Premiere Advanced Materials Pvt. Ltd. is an ISO 9001:2015 certified supplier of Inconel 718 and other high-performance alloys, operating from Nashik and Mumbai, Maharashtra. We supply Inconel 718 bars and flat bar to ASTM B637 with EN 10204 3.1 documentation, NACE MR0175 compliance where specified, and full heat number traceability — with technical review of every MTC before despatch.

Frequently Asked Questions

What is Inconel 718 and why is it used in critical applications?
Inconel 718 (UNS N07718) is a precipitation-hardenable nickel-chromium superalloy. It delivers exceptional tensile strength (≥1241 MPa aged), fatigue resistance, and corrosion resistance from cryogenic temperatures to 700°C. Its combination of high strength, weldability, and fabricability makes it the most widely specified nickel alloy for valve stems, oilfield CRA components, and high-pressure assemblies worldwide.
What ASTM standard covers Inconel 718 bars in India?
Round bars and rods of Inconel 718 are specified under ASTM B637. This covers chemical composition limits, mechanical property requirements, heat treatment conditions, and testing requirements. Sheets and plates are covered by ASTM B670.
Is Inconel 718 compliant with NACE MR0175 for sour service?
Inconel 718 is permitted for sour service under NACE MR0175 / ISO 15156, subject to a maximum hardness of 40 HRC. This is condition-dependent — fully aged 718 may exceed this limit. A controlled aging cycle and hardness confirmation on the MTC is mandatory for sour service compliance.
What supply forms of Inconel 718 are available from Premiere Advanced Materials?
We supply Inconel 718 as round bars, flat bars, and custom profiles in solution annealed and aged conditions under ASTM B637, with EN 10204 3.1 documentation and heat number traceability. Based in Nashik and Mumbai, Maharashtra. Contact us with your specific size and standard requirements.
What is the difference between VIM and VIM+ESR melting for Inconel 718?
VIM (Vacuum Induction Melting) is standard for industrial 718. VIM+ESR adds a second electro-slag remelting step that improves cleanliness and fatigue performance. VIM+ESR is required for aerospace and downhole applications.
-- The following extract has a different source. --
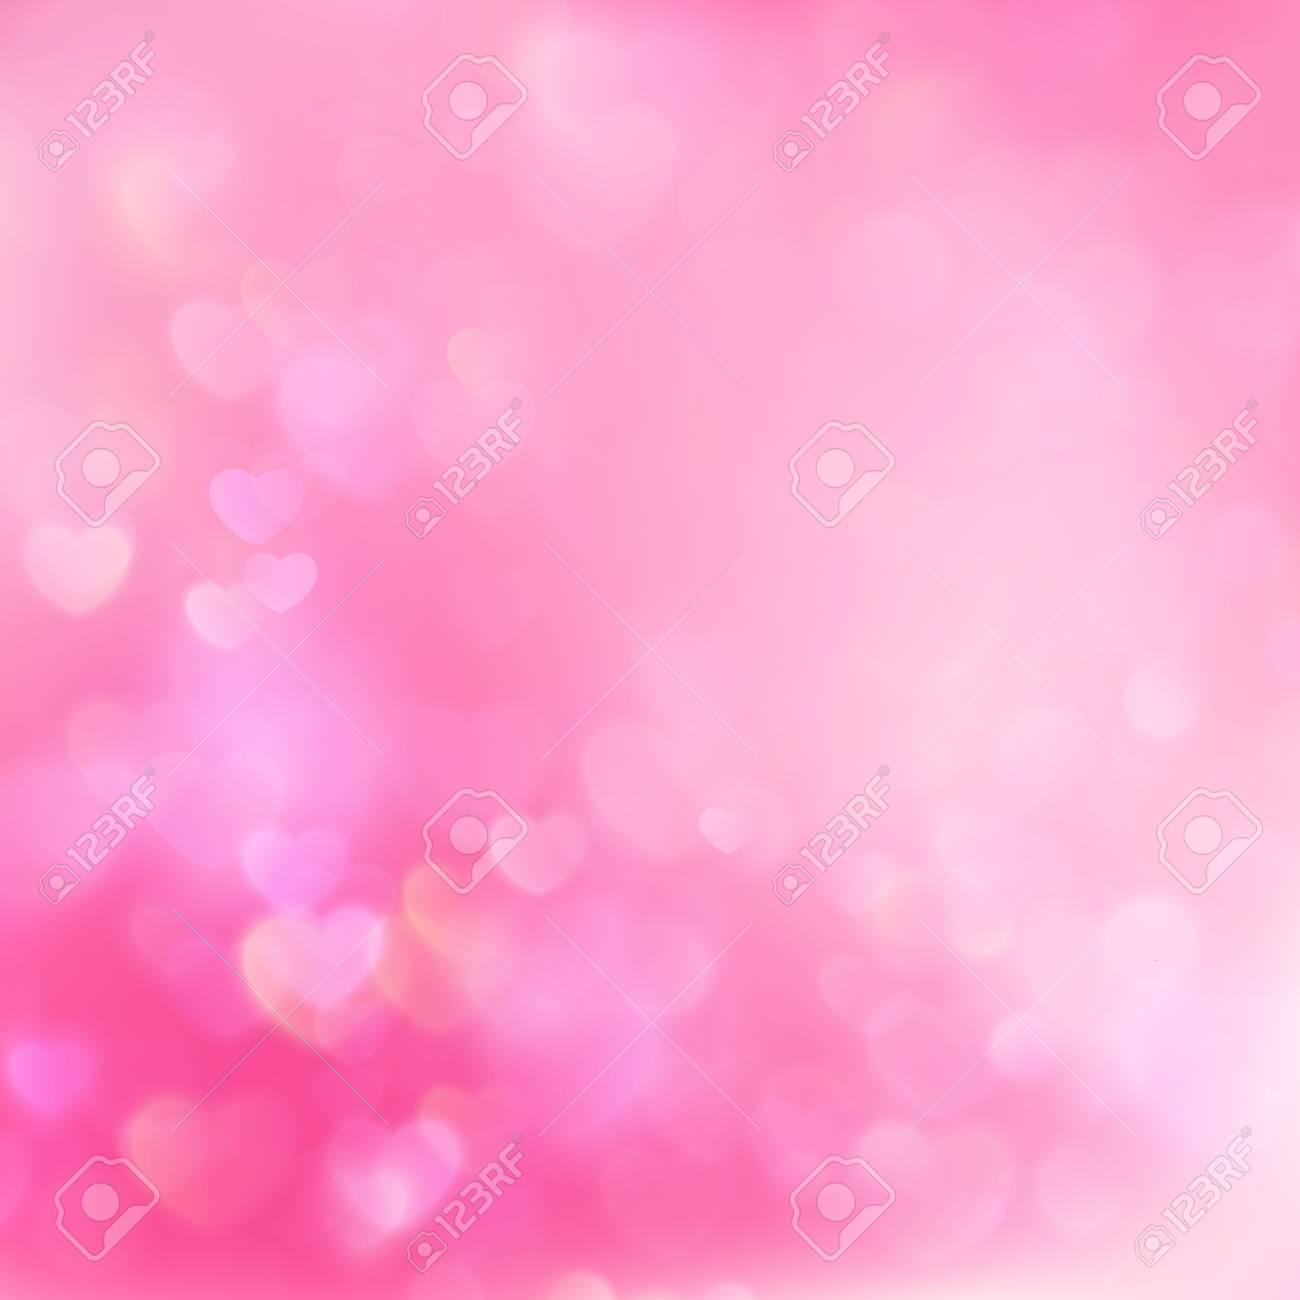 Valentine Hearts Abstract Pink Background Stvalentine S Day
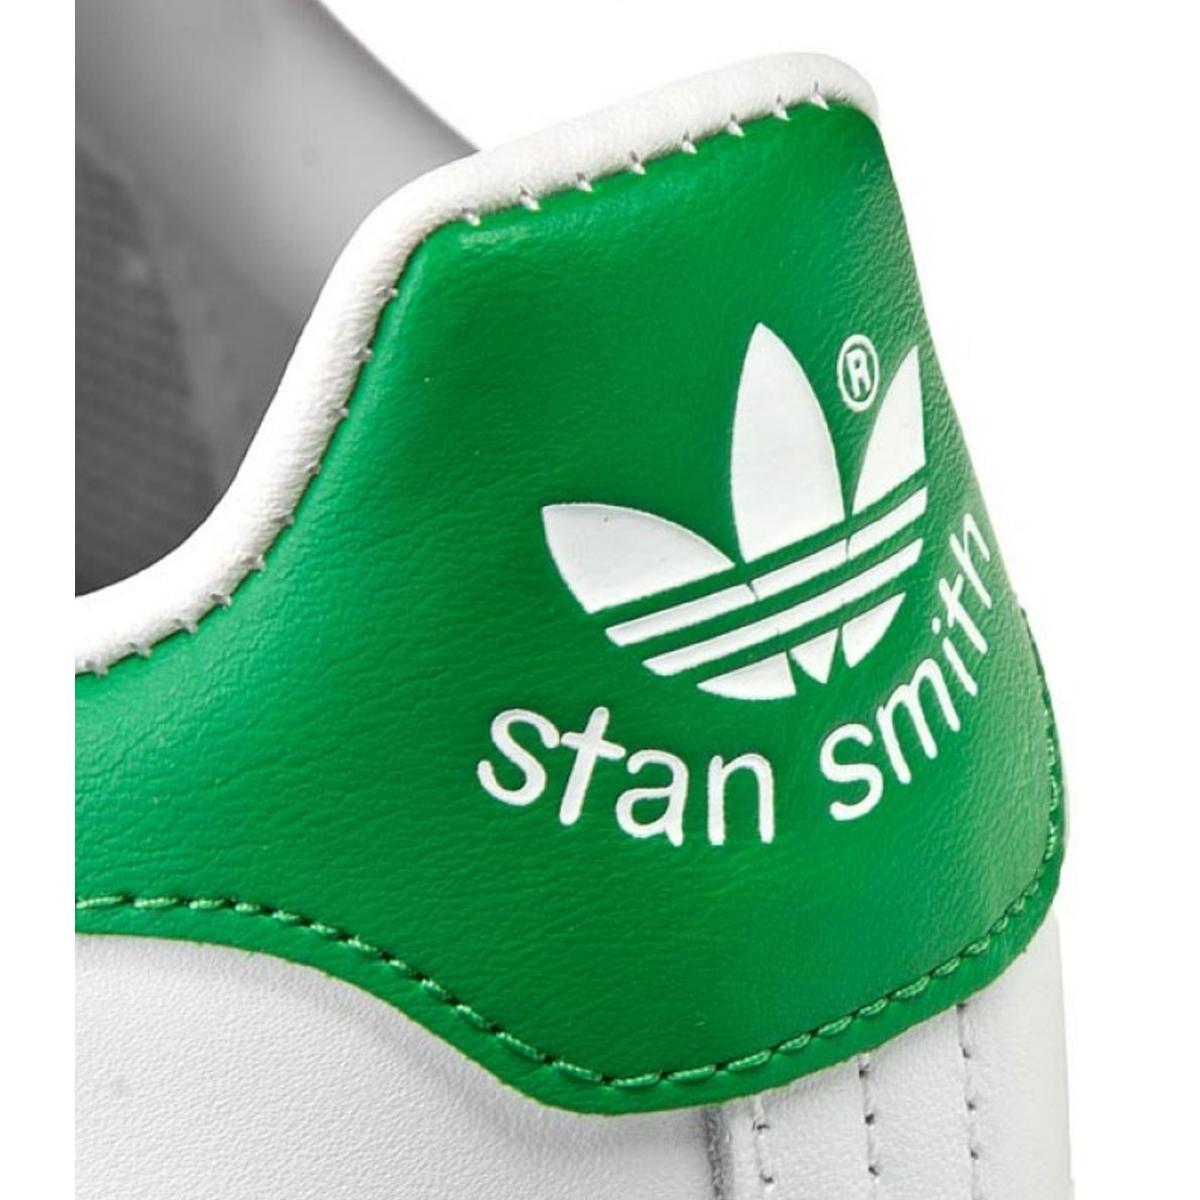 Scarpe Stan Smith Adidas da uomo bianco/verde rif.M20324

Specify your melting route requirement clearly and confirm it on the MTC.
How do I verify Inconel 718 quality from a supplier?
Request EN 10204 3.1 MTC before delivery. Verify heat number against physical marking. Cross-check chemistry against ASTM B637 full composition. Verify mechanicals against supply condition. Confirm hardness if NACE compliance is required. Check document consistency throughout.